According to the forecast of Cisco, the annual Internet Protocol (IP) traffic will surpass the 2 zettabyte threshold in 2019, and the IP traffic will grow at a compound annual growth rate of 23% from 2014 to 2019 ^[1]. The continuous demand for higher data transmission bandwidth requires energy-efficient switching to support the ever-growing intelligent and programmable optical networks. A hybrid network architecture will be envisioned in the future to take advantage of both electrical and optical switching ^[2]. The electrical switching can be used for small bursty data flows and data processing intensive applications while the optical switching is suitable for larger data flow traffic. Optical switches have the advantages of high switching capacity, low power consumption, and compact size compared with their electrical counterparts. Over the past years, a variety of optical switch technologies have been developed based on micro-electromechanical system (MEMS) actuators ^[3,4], silica-based planar lightwave circuits (PLCs) ^[5,6], and III–V materials ^[7,8]. Silicon photonics has been regarded as one of the most promising technologies for the merits of monolithic integration with microelectronic drive circuits and potentially low-cost, large-volume production.

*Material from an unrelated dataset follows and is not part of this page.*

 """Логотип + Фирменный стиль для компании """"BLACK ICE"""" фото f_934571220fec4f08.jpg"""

Many N×N thermo-optic (TO) ^[9–14] and electro-optic (EO) ^[15–21] switches have been reported in recent years. EO switches possess fast switching time (a few nanoseconds) but have high cross talk and insertion loss due to the electro-absorption effect associated with the electrorefraction effect after free-carrier injection. On the contrary, the TO switches remain low loss, but the switching time is intrinsically limited to microseconds. In the hybrid network systems, the optical switches are used to process the slow but large-flow optical traffic, and therefore the TO switches are preferred for their low loss and low cross talk. A 32×32 TO switch has been demonstrated ^[10]. It has a narrow transmission bandwidth of 1.8 nm for cross talk below −20dB, and the on-chip insertion loss is 15.8 dB.

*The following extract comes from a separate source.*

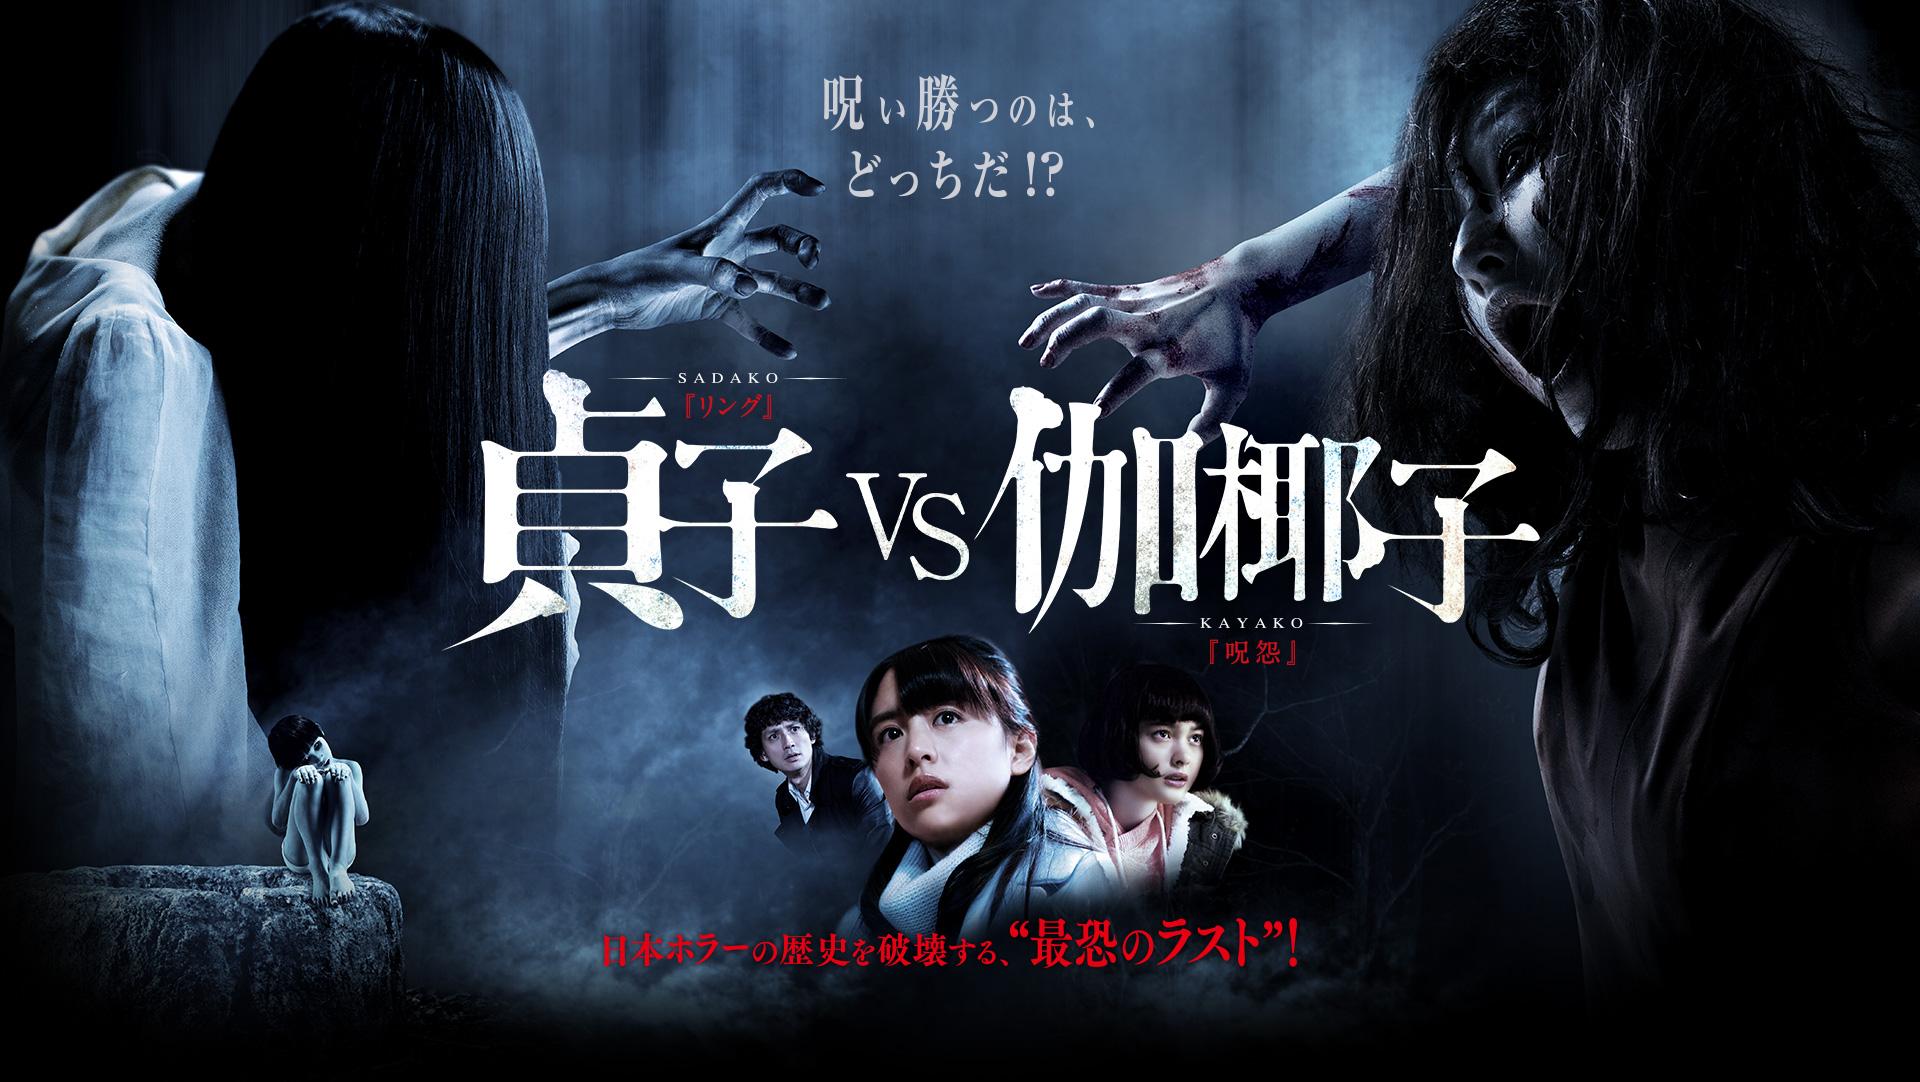 【貞子vs伽椰子】なんだこれΣ(゚Д゚) 怖くないけど面白い!?

In our previous work, we have experimentally demonstrated two types of 4×4 TO switches based on cascaded multimode interferometers (MMIs) ^[12,13]. The cross talk is relatively high due to the imperfect power splitting of MMIs. In this paper, we present a 16×16 reconfigurably nonblocking silicon TO switch based on 2×2 Mach–Zehnder interferometers (MZIs) actuated with waveguide microheaters. The chip has a footprint of 7mm×3.6mm. The average on-chip insertion loss of the 16×16 switch is about 5.2 dB, and the cross talk is below −30dB in a bandwidth of 10 nm for all states. Optical transmission of a 40-Gb/s quadrature phase-shift keying (QPSK) signal verifies the fidelity of the signal after passing through the switch chip.

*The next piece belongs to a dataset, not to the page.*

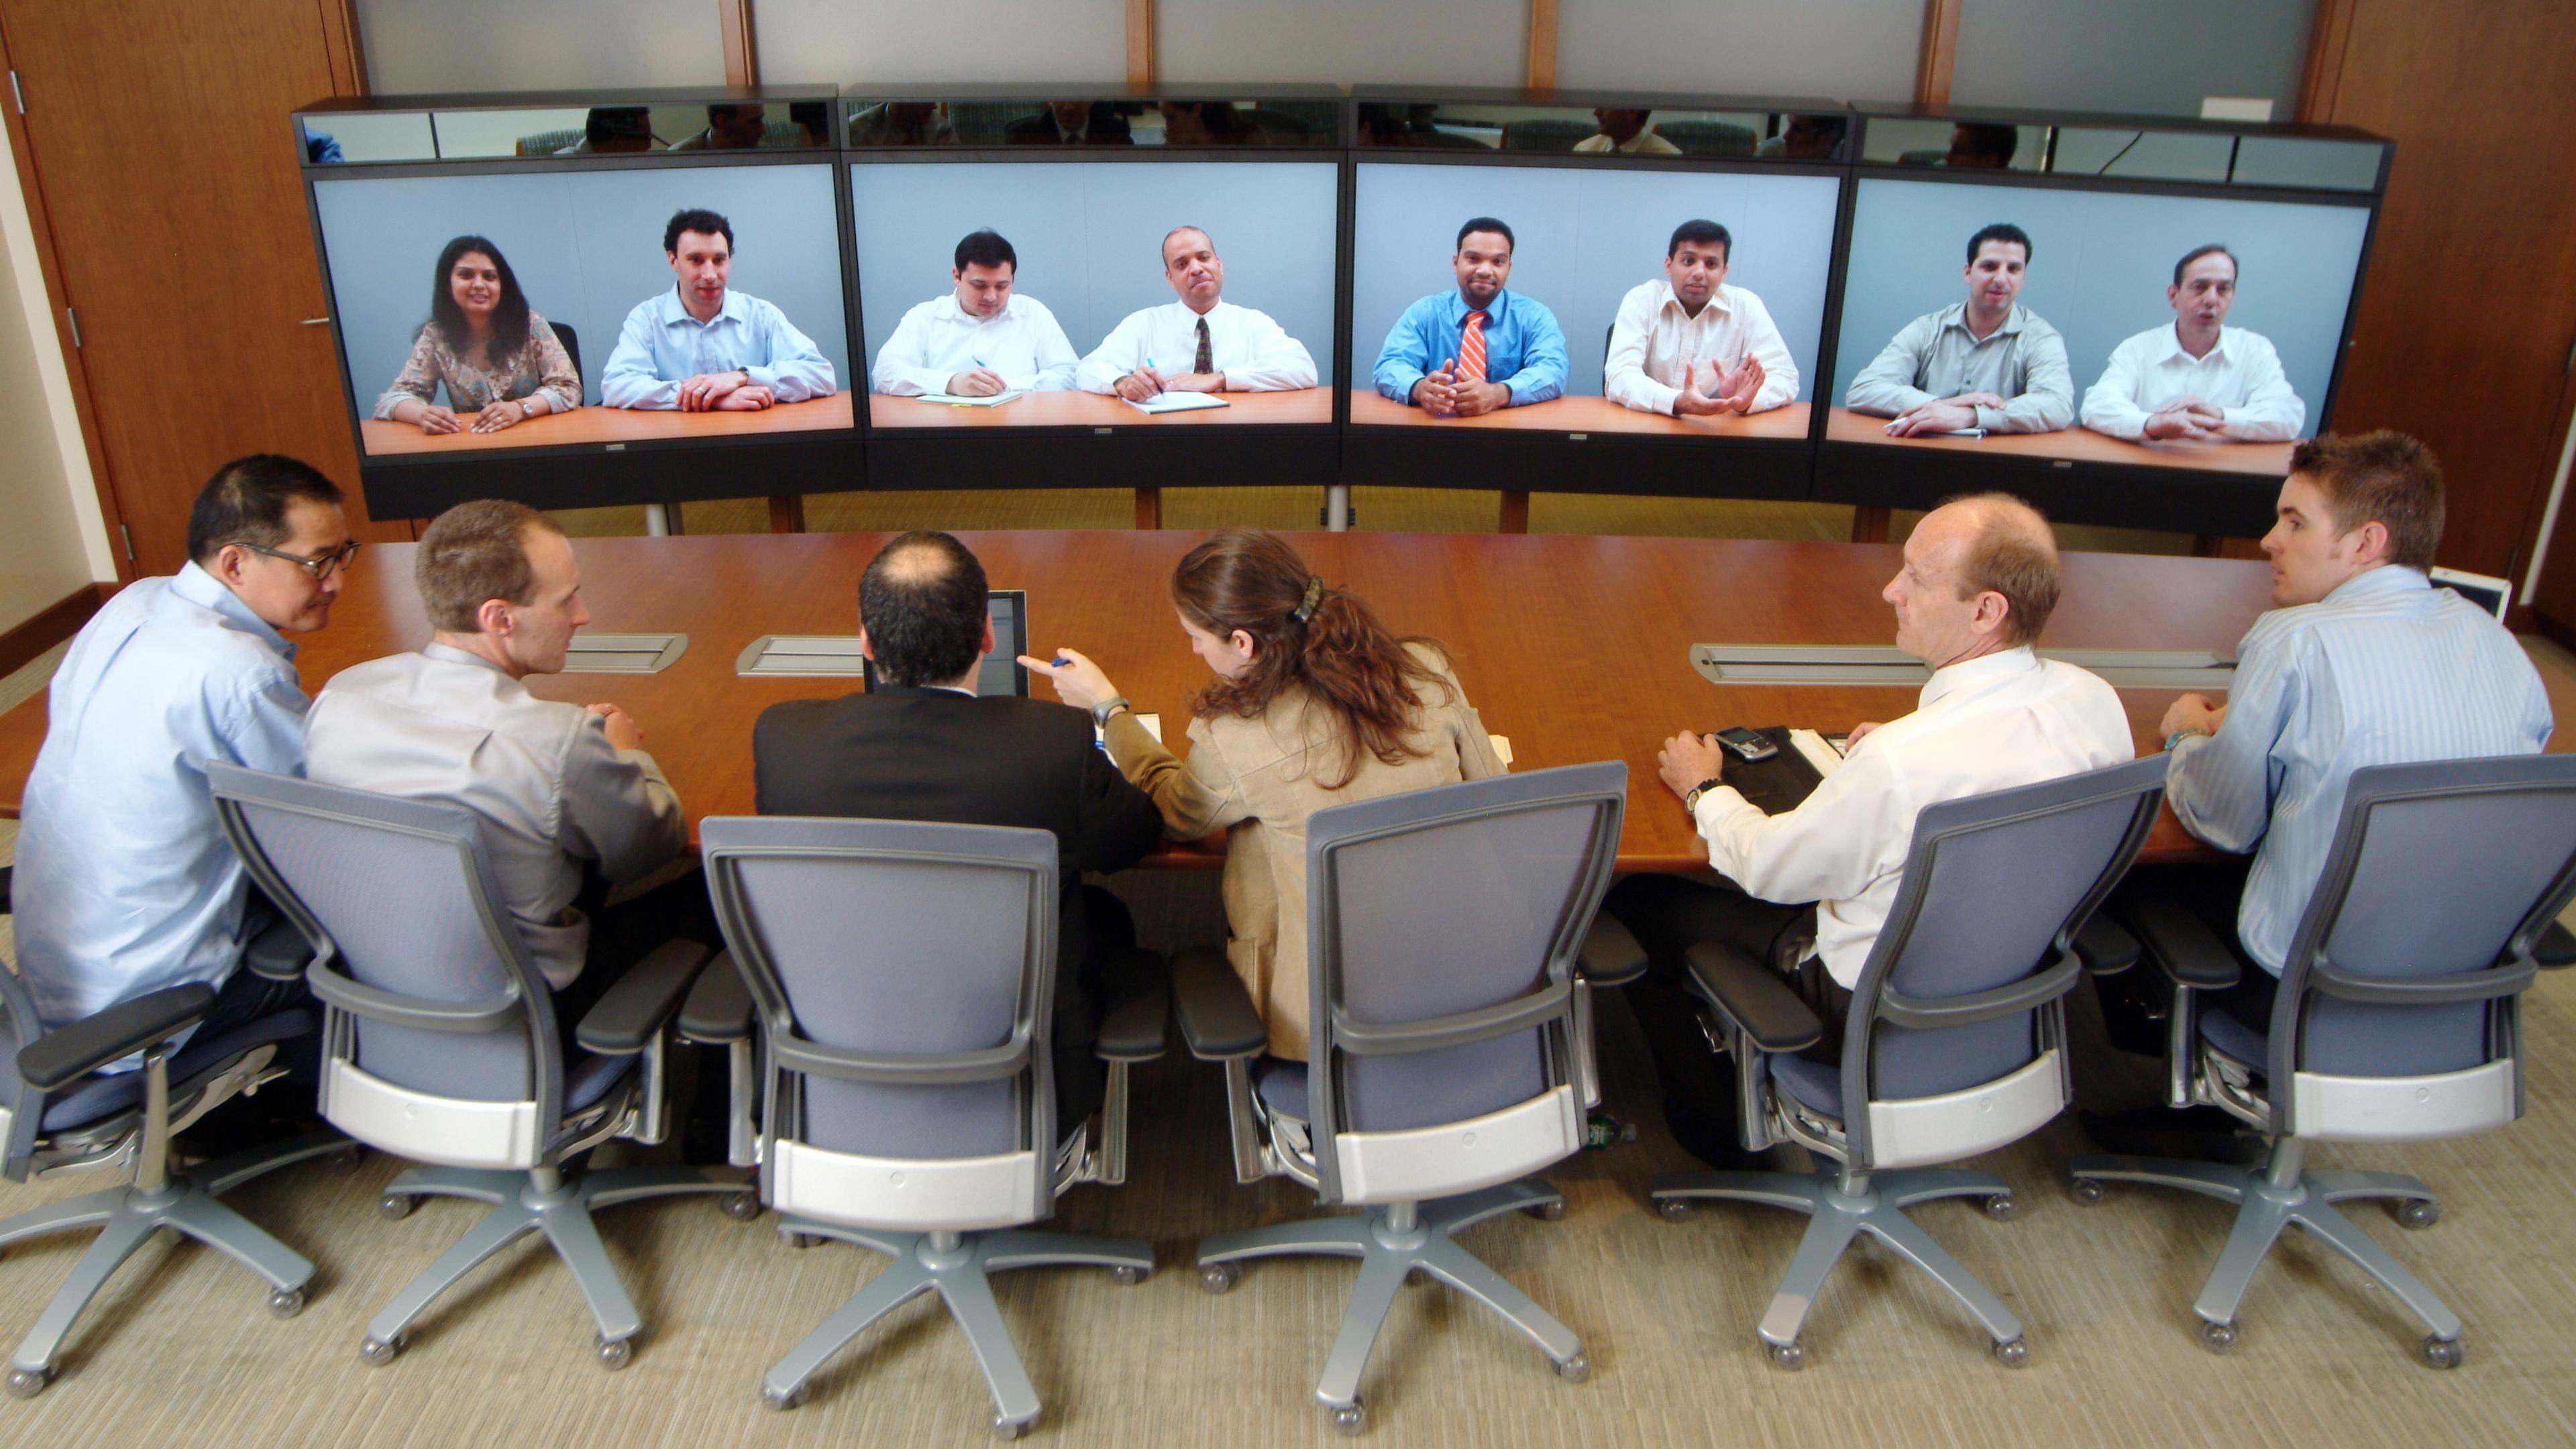 Выяснилось, что женщины устают от видеозвонков сильнее мужчин

The 16×16 switch is constructed based on a Benes structure, as shown in Fig. 1. The Benes architecture is reconfigurably nonblocking and requires the minimum number of switching elements to obtain the complete switch states. It possesses the lowest insertion loss compared to crossbar, switch-and-select, path-independent insertion-loss (PILOSS), N-stage planar, and other architectures. A 16×16 Benes architecture comprises 562×2 switch elements. Each routing path goes through seven stages of switch elements. As each element has two states, the 16×16 switch hence has 256 states in total, among which 16! states are necessary for the complete mapping. The inset shows the structure of the switch element. It is composed of two 2×2 MMIs with waveguide microheaters integrated in both arms for TO tuning of the silicon refractive index. The design of the microheater can be found in ^[17]. The microheater is designed to be 400 μm long in order to achieve a π phase shift at a low drive voltage. It is surrounded by air trenches to prevent heat lateral diffusion. The ridge waveguide has a high resistivity working as a microheater, so heat is generated inside the waveguide and directly interacts with the optical mode. Compared with other metallic heaters, our design based on the waveguide heater has higher tuning efficiency and faster temporal response ^[22]. There are multiple waveguide crossings in the Benes architecture, leading to extra insertion loss and cross talk. We employ 1×1 MMI based on the self-imaging effect at the crossing to reduce the insertion loss and cross talk. The detailed designs and experimental results of the 2×2 MMIs and waveguide crossings can be found in ^[19].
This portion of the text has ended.